INPUT DATA
===============
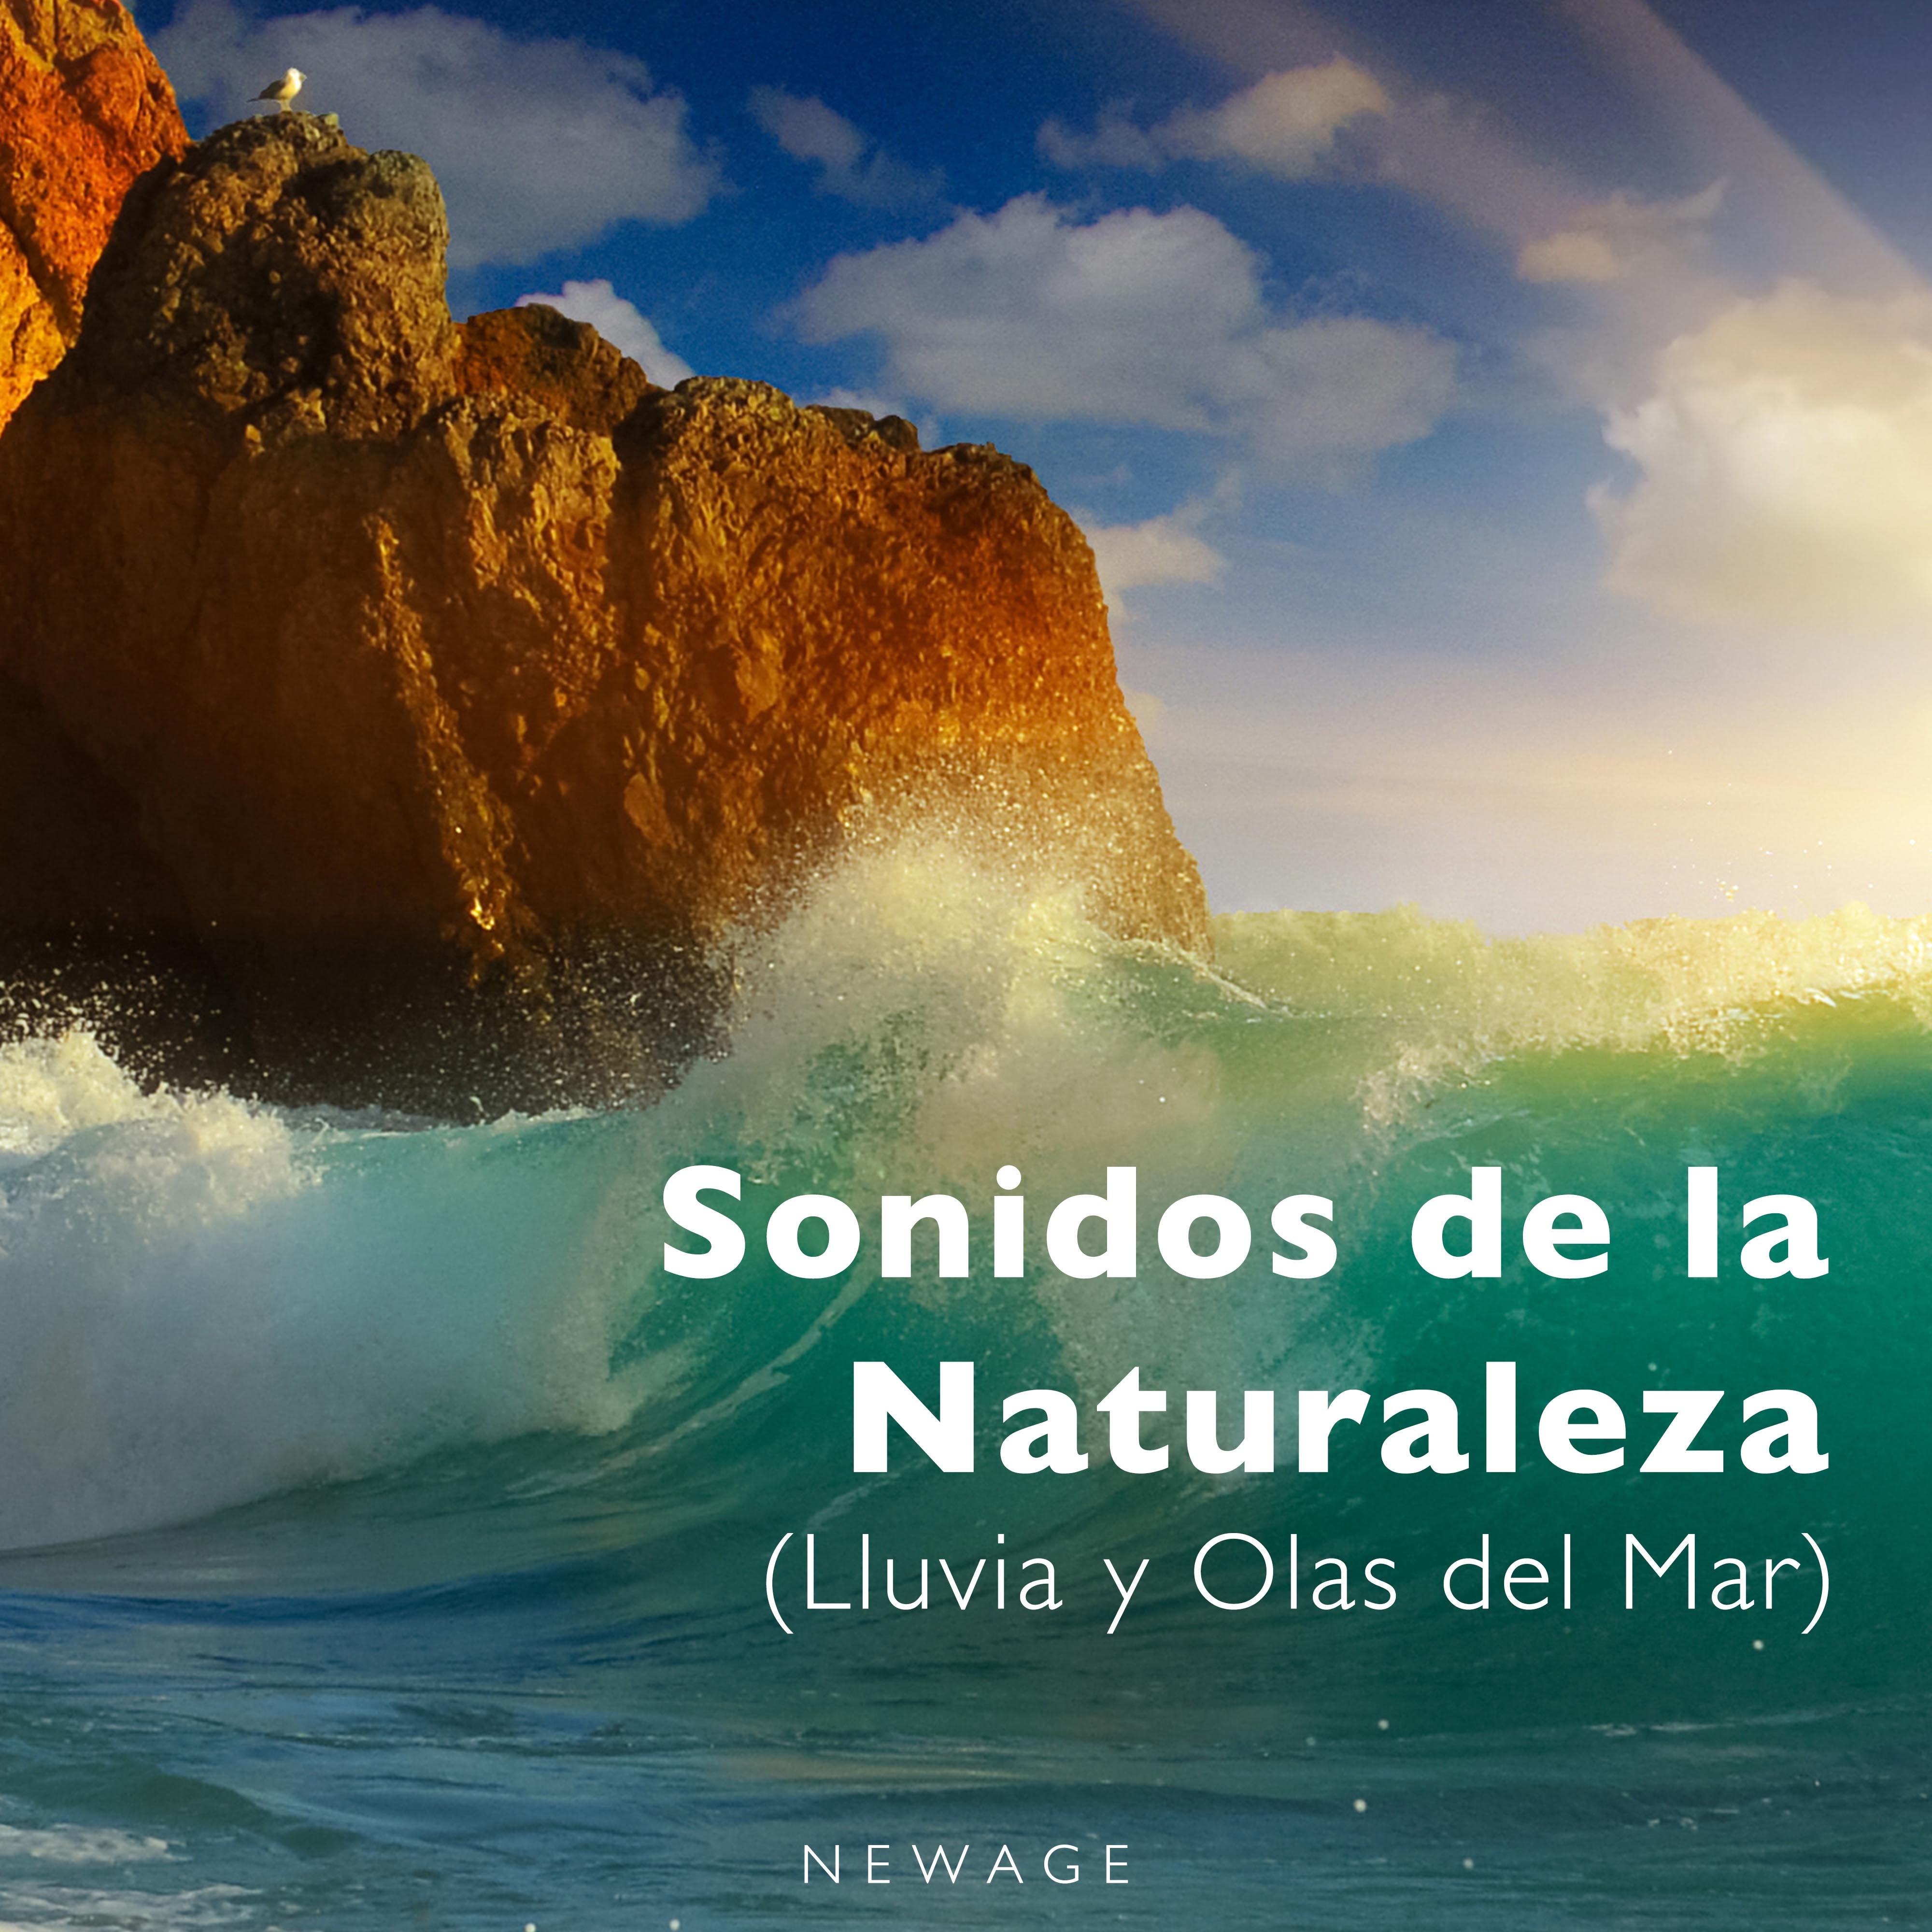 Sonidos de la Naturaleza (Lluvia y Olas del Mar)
===============
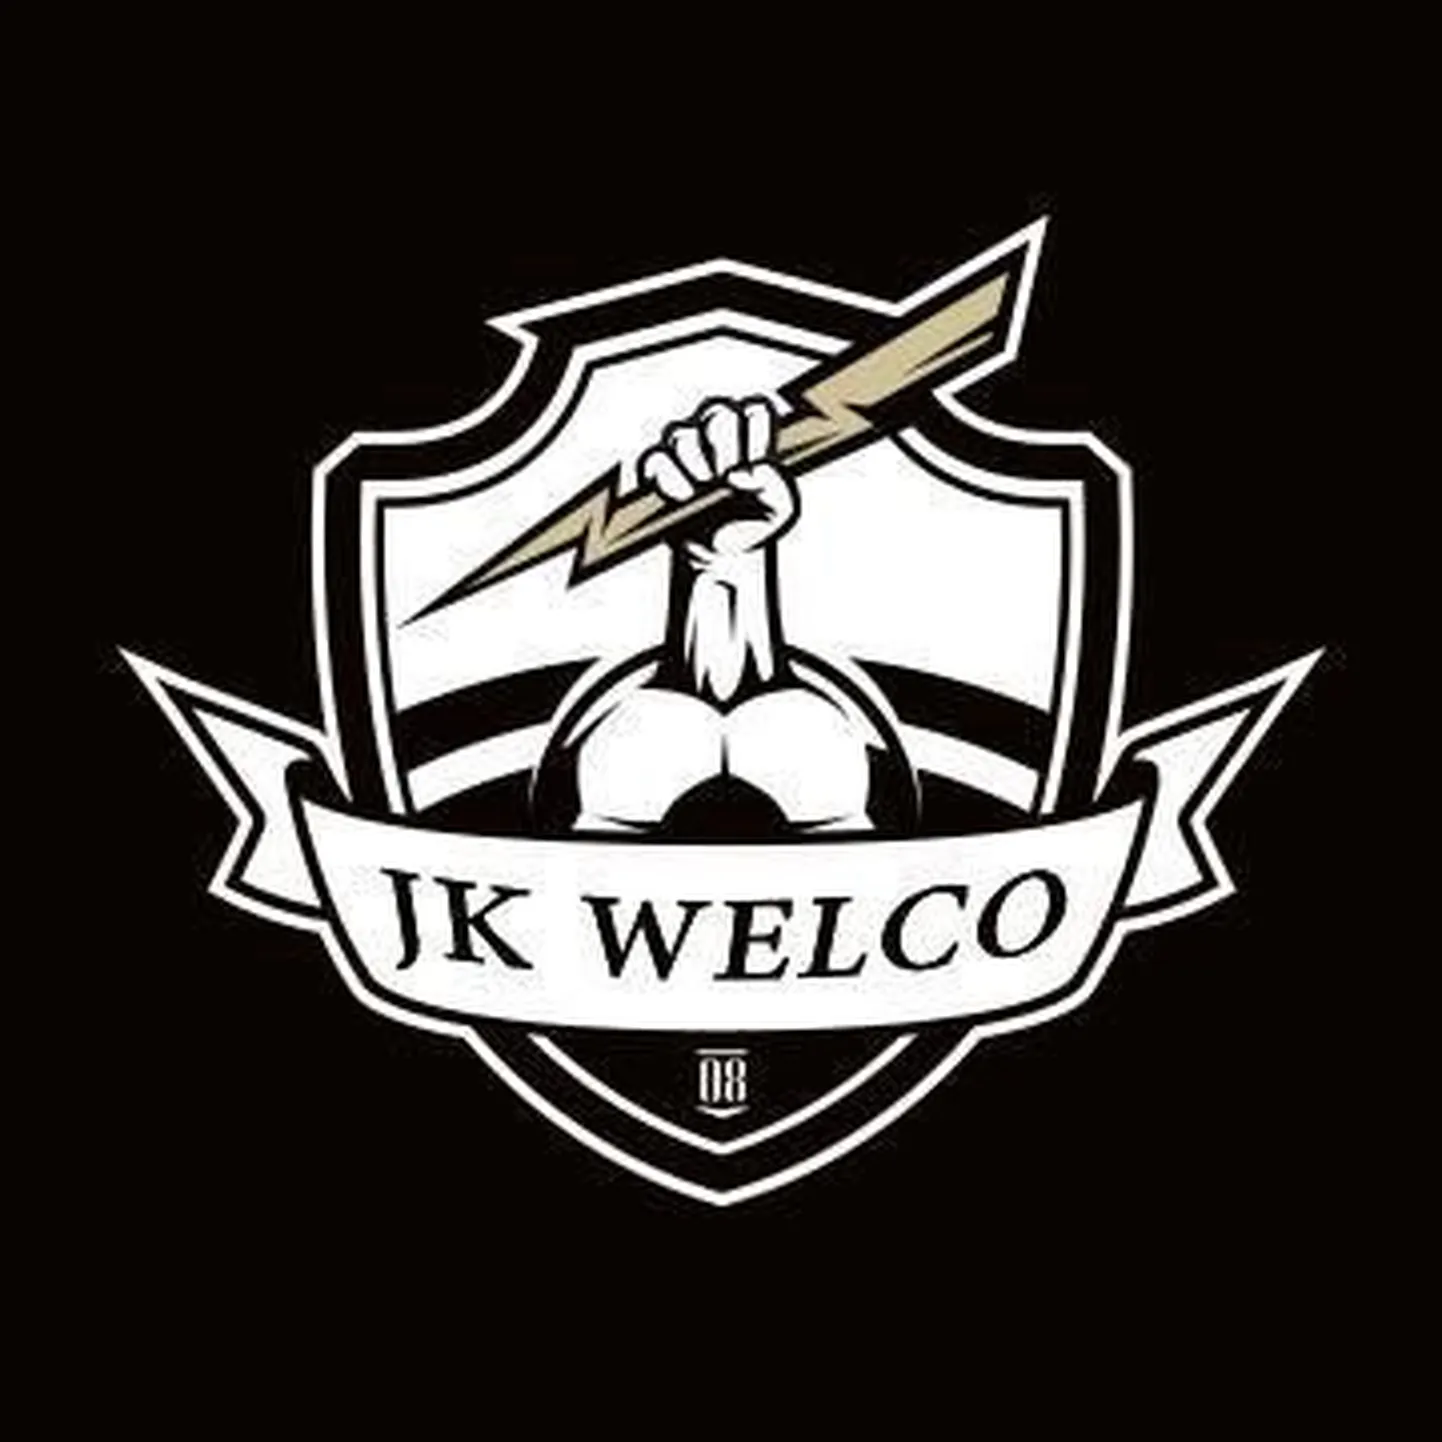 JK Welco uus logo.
===============
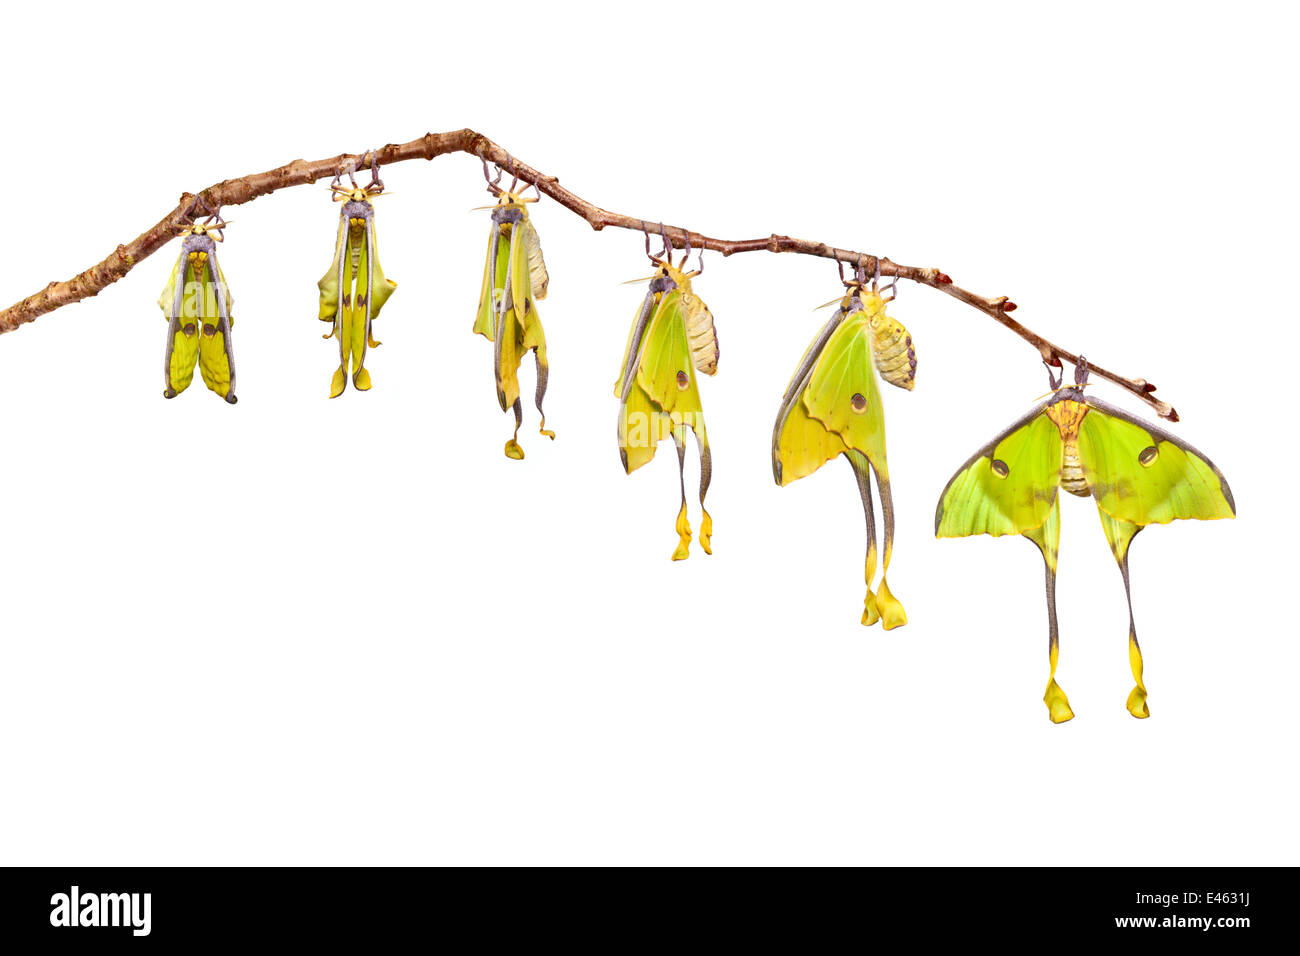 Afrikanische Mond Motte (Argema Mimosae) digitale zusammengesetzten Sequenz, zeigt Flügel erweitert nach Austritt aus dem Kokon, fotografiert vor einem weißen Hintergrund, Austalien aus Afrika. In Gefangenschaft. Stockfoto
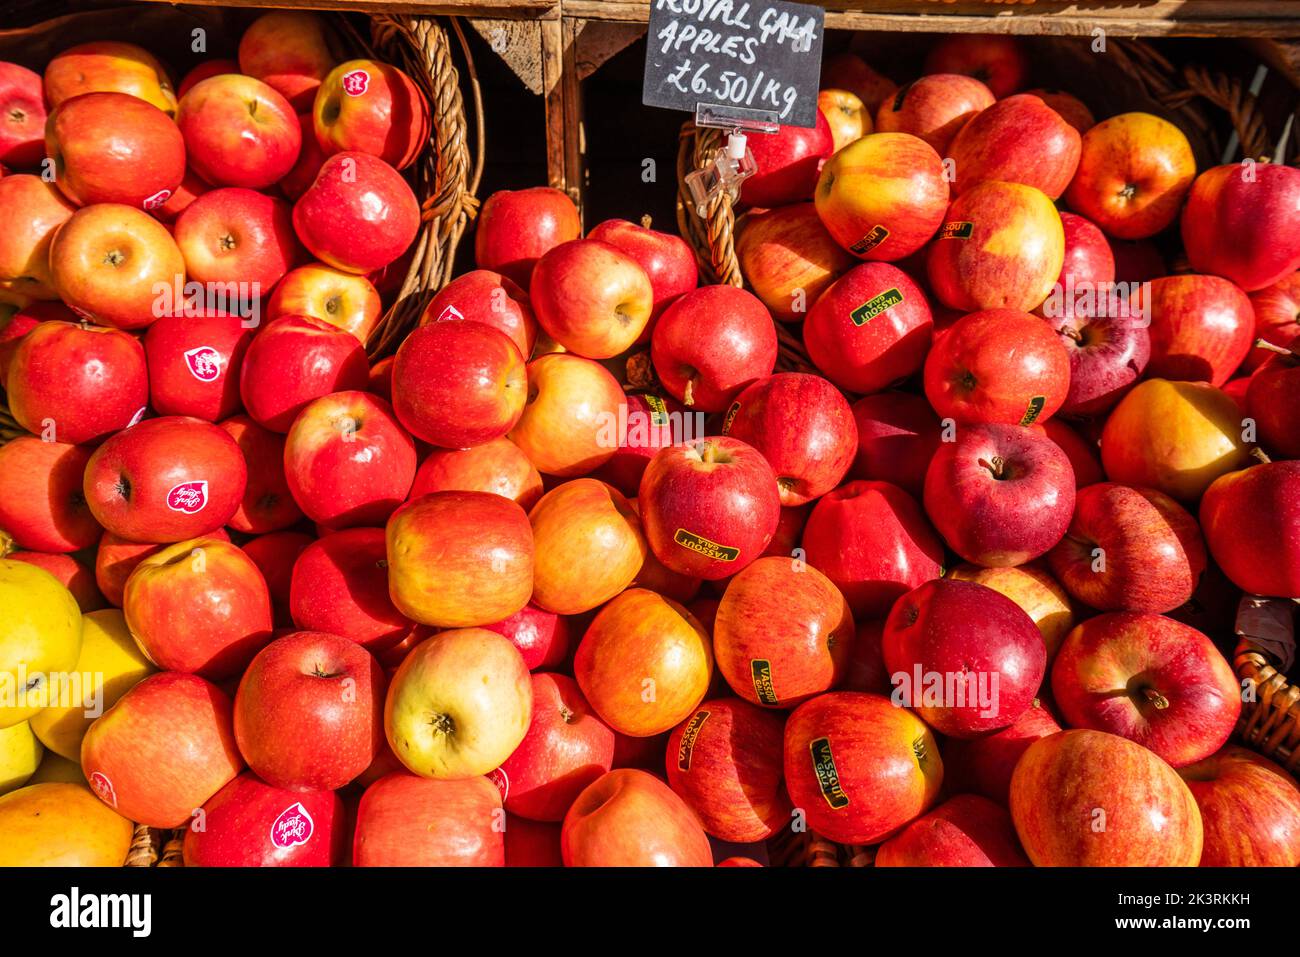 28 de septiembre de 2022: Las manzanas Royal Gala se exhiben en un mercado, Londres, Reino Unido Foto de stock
===============
YOUR GOAL
Return the lines above from the one with "Afrikanische Mond Motte" through the one with "28 de septiembre", verbatim and nothing else. Omit every picture.

TASK RESPONSE
 Afrikanische Mond Motte (Argema Mimosae) digitale zusammengesetzten Sequenz, zeigt Flügel erweitert nach Austritt aus dem Kokon, fotografiert vor einem weißen Hintergrund, Austalien aus Afrika. In Gefangenschaft. Stockfoto
 28 de septiembre de 2022: Las manzanas Royal Gala se exhiben en un mercado, Londres, Reino Unido Foto de stock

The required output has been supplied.